VII. The Temporal Narrative
Time is not UI metadata. Time is evidence.
// lllv/src/narrative.rs
#[derive(Debug, Clone, Serialize, Deserialize)]
pub struct NarrativeEvent {
#[serde(rename = "type")]
pub kind: String, // "LLLV_NARRATIVE_V1"
pub vector_id: String,
pub source_uri: String,
pub delta: DeltaType,
pub prev_cid: Option<ContentAddress>,
pub new_cid: ContentAddress,
pub author_did: Did,
pub policy_ref: String,
pub ts: Timestamp,
pub signature: Signature,
}
#[derive(Debug, Clone, Serialize, Deserialize)]
pub enum DeltaType {
Initial,
MinorEdit,
MajorEdit,
Retired,
}
/// A temporal narrative chain
pub struct Narrative {
events: Vec<NarrativeEvent>,
}
impl Narrative {
/// Load narrative for a vector
pub fn for_vector(
ledger: &Ledger,
vector_id: &str,
) -> Result<Self, NarrativeError> {
let events = ledger.query()
.kind("LLLV_NARRATIVE_V1")
.field("vector_id", vector_id)
.order_by("ts", Ascending)
.execute()?;
// Verify chain integrity
let mut prev_cid = None;
for event in &events {
if event.prev_cid != prev_cid {
return Err(NarrativeError::BrokenChain {
event_ts: event.ts,
});
}
prev_cid = Some(event.new_cid.clone());
}
Ok(Self { events })
}
/// Get state at a specific time
pub fn state_at(&self, ts: Timestamp) -> Option<&NarrativeEvent> {
self.events.iter()
.filter(|e| e.ts <= ts)
.last()
}
/// Is the vector retired?
pub fn is_retired(&self) -> bool {
self.events.last()
.map(|e| matches!(e.delta, DeltaType::Retired))
.unwrap_or(false)
}
}
/// Temporal weighting for search results
pub fn temporal_weight(
event_ts: Timestamp,
now: Timestamp,
tau: Duration,
) -> f64 {
let age = now.duration_since(event_ts);
(-age.as_secs_f64() / tau.as_secs_f64()).exp()
}
/// Combined scoring
pub fn combined_score(
similarity: f64,
event_ts: Timestamp,
now: Timestamp,
tau: Duration,
policy_factor: f64,
) -> f64 {
similarity * temporal_weight(event_ts, now, tau) * policy_factor
}
VIII. CLI Usage
# Ingest documents into a pack
logline lllv ingest \
--source ./documents/ \
--encoder glassbox-v1 \
--output knowledge.lllv.idx
# Output:
# Ingested 1,048,576 vectors
# Pack CID: b3:4d5e6f7a8b9c0d1e2f3a4b5c6d7e8f9a...
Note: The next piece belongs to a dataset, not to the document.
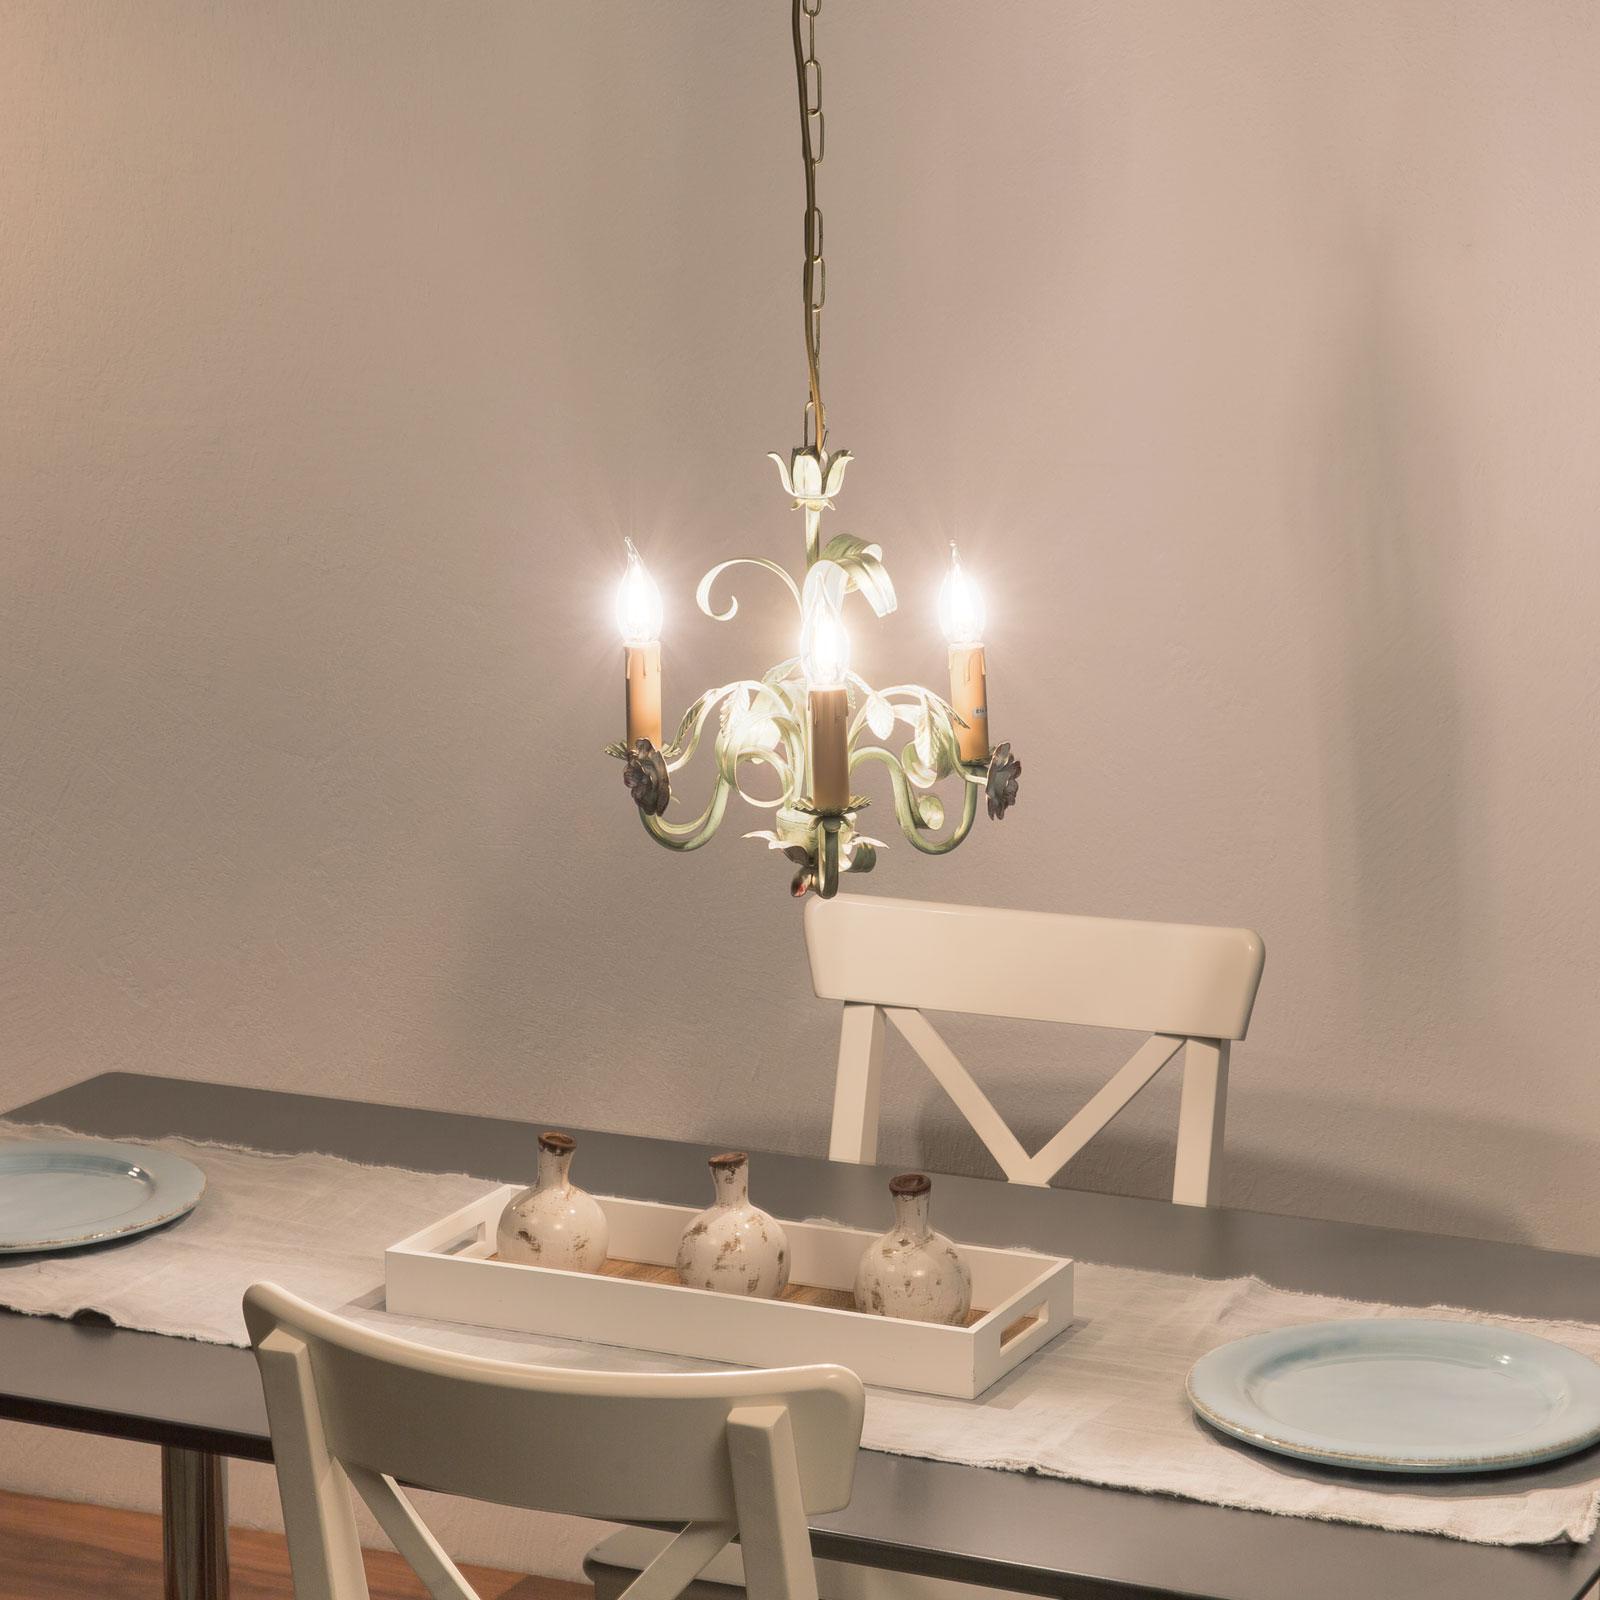 Ljuskrona Tulipe i florentinsk stil, 3 lampor

# Manifest signed with: ed25519:ingest_key
# Verify a pack
logline lllv verify knowledge.lllv.idx
# Output:
# Pack integrity: VALID
# Merkle root: b3:4d5e6f7a...
# Block verification: 7/7 PASS
# Manifest signature: VALID
# Query with evidence
logline lllv query knowledge.lllv.idx \
--query "What is the statute of limitations?" \
--k 10 \
--evidence-file results.evidence.json
# Output:
# Results:
# 1. doc:statute_guide_2024 (dist: 0.1831)
# 2. doc:legal_handbook_ch7 (dist: 0.1879)
# ...
# Evidence written to results.evidence.json
# Verify evidence offline
logline lllv verify-evidence \
--pack knowledge.lllv.idx \
--evidence results.evidence.json
# Output:
# Query CID: b3:7f3a9b2c...
# Pack CID: b3:4d5e6f7a... (MATCH)
# Result proofs: 10/10 VALID
# Signature: VALID
# Evidence verification: PASS
# View temporal narrative
logline lllv narrative \
--pack knowledge.lllv.idx \
--vector-id "vec:9f3a8b2c"
# Output:
# Narrative for vec:9f3a8b2c
# 2026-01-15 10:30:00 INITIAL b3:null -> b3:a1b2...
# 2026-01-20 14:15:00 MINOR_EDIT b3:a1b2... -> b3:c3d4...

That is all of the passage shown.